Bima, 26 Juni 2025 || Kanal Aspirasi dan Wacana Hukum (Kawah) Ntb – Mari kita lakukan autopsi terhadap mayat paling segar di abad ke-21: nalar kritis. Waktu kematiannya tidak tercatat ia mati perlahan, setiap hari, dalam jutaan gesekan jari di atas layar kaca. Korban utamanya, ironisnya, bukanlah orang-orang bodoh yang tidak punya akses. Korban utamanya adalah kita: sang mahasiswa, sang agent of change yang kini lebih mirip agent of share, sang pewaris peradaban yang bangga karena bisa menemukan kutipan Foucault dalam 0,3 detik, namun tak punya daya tahan untuk membaca satu paragrafnya secara utuh.
Kita adalah generasi paling terinformasi dalam sejarah, sekaligus generasi yang paling rentan terhadap kebodohan massal. Inilah sertifikat kematian nalar kita, yang ditandatangani bukan dengan tinta, melainkan dengan cache dan cookies.
Kita telah melahirkan sebuah spesies baru: Homo Googlus. Makhluk ini memiliki akses informasi tak terbatas, namun dengan kapasitas pemahaman yang mendekati nol. Otaknya bukan lagi sebuah kuil pemikiran, melainkan sebuah gudang raksasa yang berantakan. Di dalamnya, bertumpuk fakta-fakta acak, potongan berita viral, meme, teori konspirasi dari TikTok, dan infografis warna-warni dari Instagram. Semua ada, semua bisa diakses.

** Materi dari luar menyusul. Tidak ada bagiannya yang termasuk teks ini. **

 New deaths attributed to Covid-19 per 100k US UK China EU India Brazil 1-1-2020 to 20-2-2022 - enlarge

Masalahnya? Sang pemilik gudang tak tahu apa-apa tentang isi barangnya. Ia tahu di mana meletakkan link, tapi tak pernah membuka isinya. Ia tahu cara mencari, tapi lupa cara mencerna. Kita menderita obesitas informasi, tetapi malnutrisi kearifan. Kita kekenyangan data mentah, namun kelaparan akan makna. Kecerdasan kita diukur dari seberapa cepat kita menemukan sesuatu, bukan dari seberapa dalam kita memahaminya.

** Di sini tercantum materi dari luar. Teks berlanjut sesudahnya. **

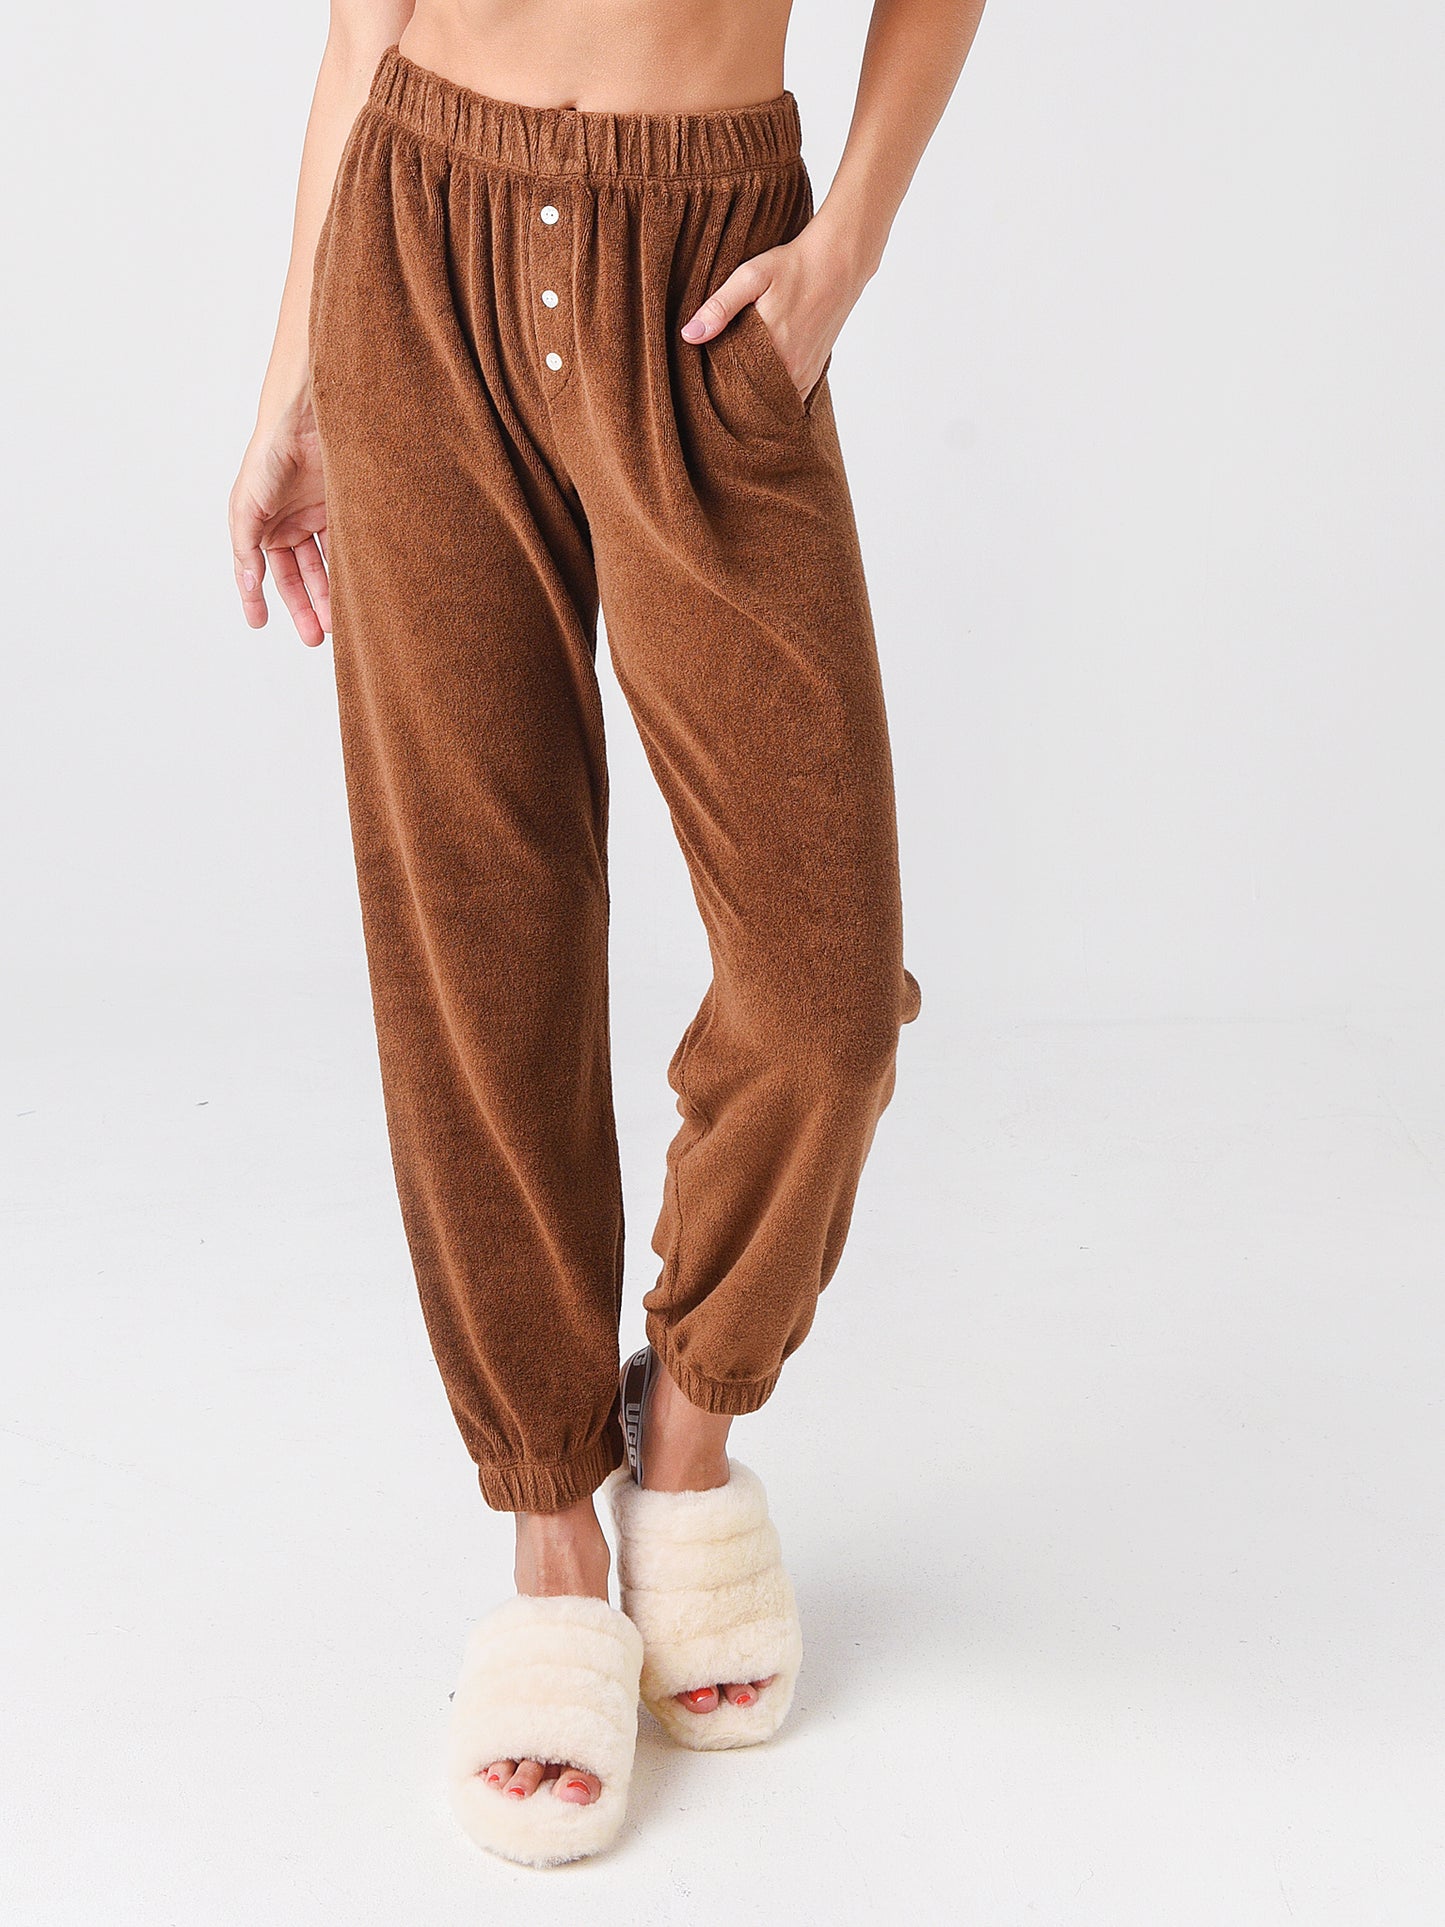 DONNI. Women's The Terry Henley Sweatpant.

Siapa pembunuhnya? Jangan buru-buru menunjuk jari ke diri sendiri. Pembunuhnya lebih subtil, lebih sistematis. Ia adalah arsitek tak terlihat dari penjara pikiran kita: sang algoritma.
Penjara paling nyaman adalah yang kita bangun sendiri, dan kita menghiasinya dengan notifikasi, likes, dan shares. Algoritma, sang sipir yang baik hati, setiap hari menyuapi kita dengan apa yang ingin kita dengar, bukan apa yang perlu kita tahu. Ia menciptakan sebuah gelembung filter (echo chamber) yang begitu nyaman, di mana setiap opini kita divalidasi, setiap bias kita diteguhkan. Di luar gelembung itu adalah dunia yang kompleks, penuh nuansa, dan melelahkan. Di dalam? Surga kepastian yang palsu.
Kita menyerahkan kedaulatan intelektual kita pada barisan kode yang dirancang untuk satu tujuan: menjaga perhatian kita selama mungkin. Kita mengira sedang menjelajahi dunia, padahal kita hanya berputar-putar di sebuah taman bermain digital yang dindingnya dicat menyerupai cakrawala.
Kita memegang seluruh Perpustakaan Alexandria di genggaman tangan, namun kita memilih untuk menghabiskan waktu di lorong toiletnya yang penuh coretan vandalisme. Kita adalah generasi yang paling berpotensi untuk menjadi generasi pencerahan baru, namun justru paling rentan untuk menjadi generasi pertama yang secara sukarela menyerahkan otaknya untuk dikendalikan.
Kita cerdas mengakses, tapi tumpul dalam merefleksi. Kita cepat menemukan, tapi lambat dalam merenung. Kita sibuk terkoneksi, tapi terputus dari esensi.
Jadi, sebelum jempolmu yang lincah itu kembali menekan tombol ‘share’ pada tulisan ini karena merasa “relate”, berhentilah sejenak. Tataplah layar hitam gawaimu, lihat pantulan wajahmu di sana.
Tanyakan pada pantulan itu: Informasi yang kau konsumsi hari ini, apakah itu membangun istana pemikiranmu, atau hanya menambah tumpukan sampah di gudang otakmu? Kapan terakhir kali kau membaca sesuatu yang membuatmu tidak nyaman, yang menantang seluruh keyakinanmu, dan kau bertahan sampai akhir?
Jangan sampai gelar sarjanamu kelak hanya menjadi penanda bahwa kau pernah terdaftar, bukan penanda bahwa kau pernah berpikir.